Ordo Rosarius Equilibrio: « Let’s Play (Two Girls & A Goat) »

Les rituels d’Archon Satani sont ceux d’un temps ancien. Dans l’histoire du parcours du chanteur et compositeur suédois Tomas Pettersson, c’est avec Ordo Equilibrio (période créative embryonnaire d’ORE) que l’envol a lieu, pour de vrai. Installation d’une musicalité, d’un nom.
La personne de Tomas hante les contrées neofolk depuis la naissance de ce projet singulier et remarqué. Il fallut la grâce d’une musique mais aussi celle, aux temps originels, de l’intervention d’un label concerné et responsable : Cold Meat Industry. Depuis, rien n’a interrompu un parcours inscrit au fil de l’eau dans le long terme. Ordo Rosarius Equilibrio, si constant en style et affirmatif dans sa plainte sensuelle, n’a pas d’âge – du moins se plait-on à le croire. Soufre des interdits, promesses du désir, feux intérieurs, transgression, questionnement des valeurs, ORE est tout cela.
Progression sensible des formes et de la narration : le sceau de l’austérité a frappé une grande partie de la production mais après l’arrivée dans le projet de la compagne Rose-Marie Larsen et de manière croissante sur ses dernières années de travail, ORE a tendu vers une écriture plus charnelle, pop en cachet sans que cette dernière se départisse d’une tendance cryptique. C’est le charme de ces choses, leur venin.

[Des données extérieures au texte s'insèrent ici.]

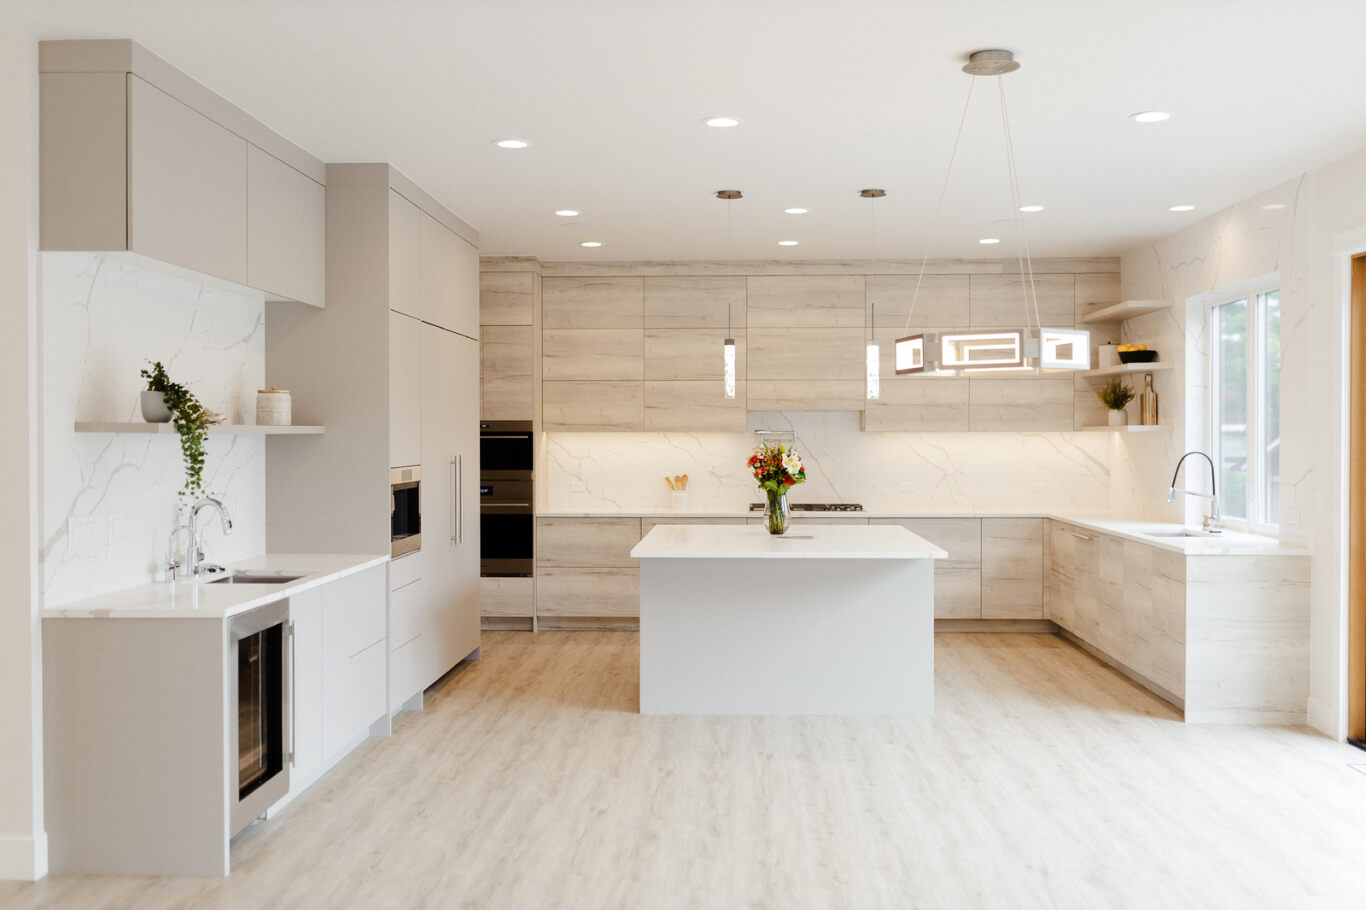 kitchen in seattle custom home with open floor plan

ORE, ces dix dernières années, reste sur une rythme de production lent (le précédent format long
Vision: Libertine avait, comme le nouvel opus, nécessité plusieurs années de labeur après la parution de Songs 4 Hate & Devotion). Précaution est toujours préférable à l’emballement.
Certaines règles demeurent néanmoins immuables en 2019, créant subtil équilibre dans le son : la nervure pop, indéniable, ne disperse pas une pulpe sévère, instrumentations et mots nimbés d’une brume érotique ou frappés d’une allusion charnelle plus frontale. Le détail pornographique est l’excroissance vulgaire de ce qui sans elle, se cantonnerait au feutre des interdits. Mais ORE défriche les zones interdites et conte son périple sans toujours passer par la suggestion. Et puis il y a ce feeling glacé, apocalyptique, prégnant dans l’œuvre. Le grain de la subversion et le trouble sensuel qui font le sel. Pop austère, minée par les tiraillements intimes, la tentation, cet appétit que l’on réfrène par crainte de l’on ne sait quoi. ORE : un acte libérateur et qui sent le soufre – et ce n’est certainement pas avec ce
Let’s Play (Two Girls & A Goat), que la donne va changer.

Il reste semble-t-il à Tomas Pettersson, qui a démarré l’écriture du présent chapitre il y a sept ans, des rêves de grandeur. Les orchestrations qui marquent l’album – Matt Howden de Sieben est remercié pour les cordes, très belles il faut le dire – donnent à ce son une chair et une volupté inédites (« Two Girls and a Goat (I never knew….) »). Le feutre est au rendez-vous, mais confort n’est pas le mot. Certaines noirceurs, typiques, s’accrochent à la balustrade : l’amertume en voix et les reflets clairs obscurs de « Evil wears a Mask with your Name » rappellent quelque chose des premiers albums, quoique le feeling d’antan s’inscrive plus frontalement dans la langueur. Voies de l’évolution : des teintes déprimées infusent toujours les huiles extatiques (formidables « I met Jesus in a Dream » ou « There’s no Pride Love is Dead »). Leur mixture forme la contradiction interne à cette musique. En elle se cimentent un style, une envergure.
La musique d’ORE est aujourd’hui et sans doute plus accessible qu’elle ne l’a jamais été, sans retrait de l’essence.
Let’s Play (Two Girls & A Goat) est un disque d’équilibre, et sa cinématographie passe par formes séductrices (« Let’s play, said the Rose to the Goat »). Elles renferment un danger, comme souvent. Sexe et suggestion mortuaire s’y côtoient, une vieille tradition. Élégances romantiques perverties par la tension sexuelle, parfois exacerbée.
Le dernier album ? À l’heure où Pettersson dit voir en le cru 2019 la
« version finale d’ORE », expression pour le moins ambiguë, l’avenir dira. Si tel devait être le cas, les essences distillées portent identité, et les mélodies marquent. Dans cette combinaison stylée de pop austère, d’acquis martiaux et romantiques et d’inexorables marches (« This is Life this is War », si noire et belle), ORE affiche splendeur et questionne encore et toujours les valeurs des sociétés modernes, en bon messager des immuables tensions intérieures.